Plan for cheap drugs faces strong criticism
Tertiani ZB Simanjuntak, The Jakarta Post, Jakarta
The government's plan to launch branded medicines at cheaper prices in March does not constitute a solution to the skyrocketing prices of drugs, critics say.
Doctors, pharmacists, a legislator and pharmaceutical business representatives, said, during a discussion held by the Indonesian Doctors' Association (IDI) in Jakarta on Wednesday, that the Food and Drug Control Agency (BPOM) plan announced last month was burdened with personal interests.
Indonesian Pharmaceuticals Watch chairman Amir Hamzah Pane told the discussion that the government had trespassed on the domain of other professions as the BPOM no longer had the authority to set drug prices.
"The agency has no control over drugs prices whatsoever as its authority is only to suggest that the government remove the high import tariffs for drugs components in a bid to reduce production costs," he remarked.

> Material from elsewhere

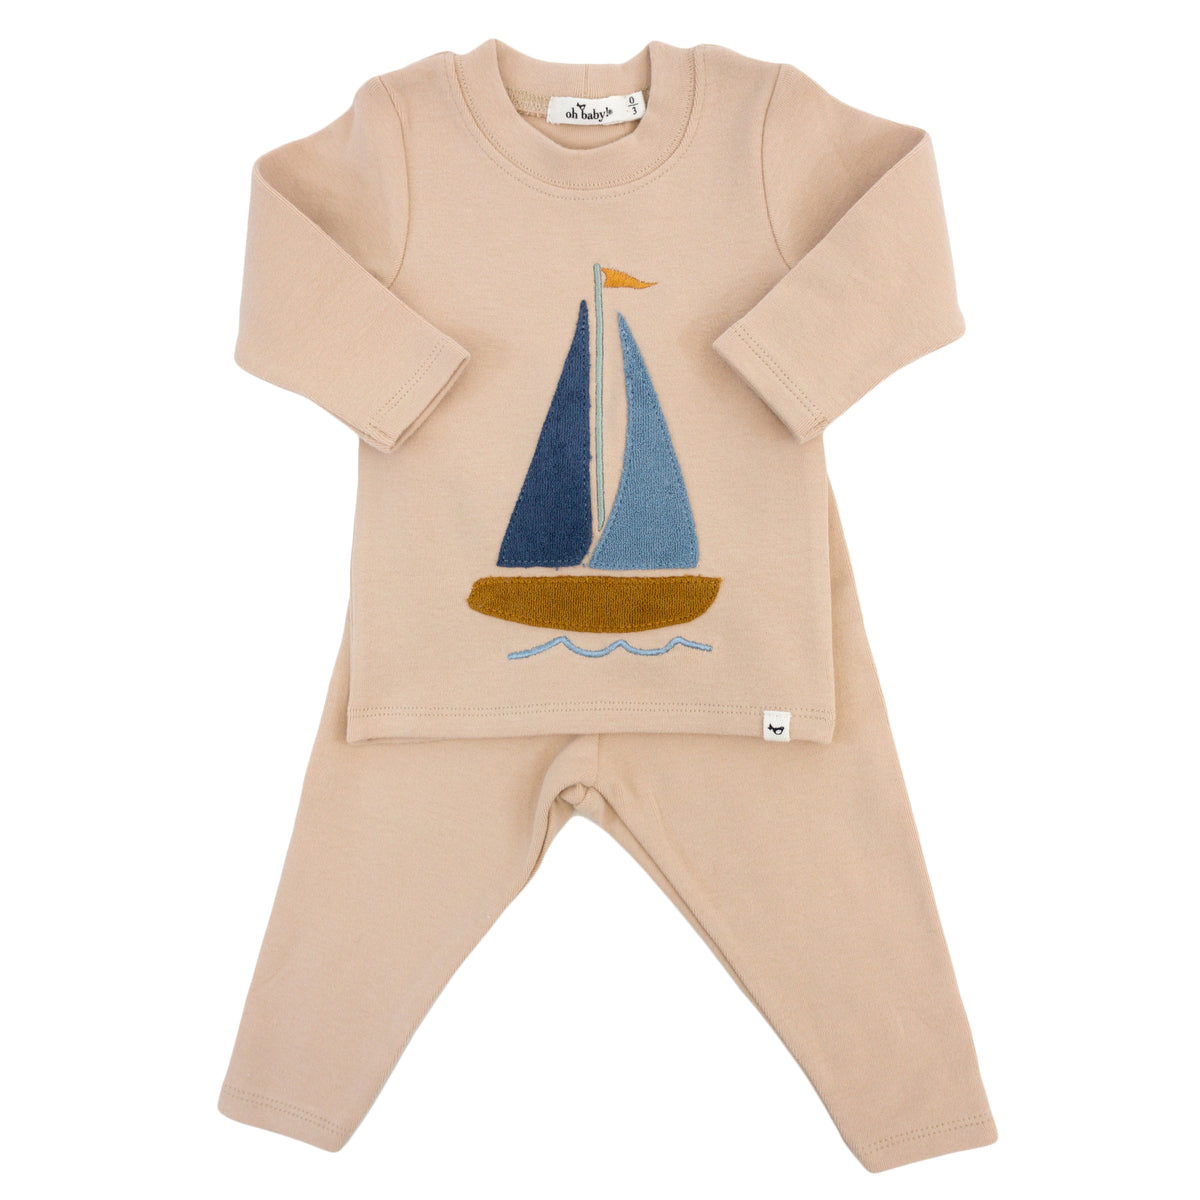 oh baby! Two Piece Set - Sailboat Applique - Almond

Pane also expressed fears that the new policy would hurt the production of generic drugs, which are sold at prices between the cheaper plain generic medicines and the branded products.
BPOM's head Sampurno said earlier that the government was prepared to produce 20 medicines, ranging from antibiotics to analgesics under a project run by state-owned pharmaceutical company Indofarma.
Sampurno said that more efficient production methods would be able to cut prices of the drugs by 50 percent to 60 percent in comparison with similar patented drugs or other brands.
He said the cheap medicine production project, which is run without the government's subsidy, was aimed at keeping drugs prices in check and at deterring other producers from blaming expensive drug prices on the cost of imported drugs components.
A similar project would also be offered to other pharmaceutical companies, both state-owned and privately-owned, Sampurno said.
IDI executive Cholid Badri, however, asked "whether he (Sampurno) speaks as an official or as one of the commissioners of Indofarma" since there had yet to be any clarification on how such a policy was made.
Cholid's colleague, Mulyono, expressed fears that the policy was made to help Indofarma promote its new products.
House of Representatives' member Ahmad Sanusi Tambunan from Commission VII which supervises, among other issues, health, reminded the doctors not to allow themselves be made scapegoats for the government's failure to make drugs more affordable.
Indonesian Pharmaceutical Companies Association chairman Anthony Ch. Sunarjo said that "as long as the people have to pay their health care alone, without a credible insurance scheme or without the elimination of value added tax to the drugs, any price is expensive".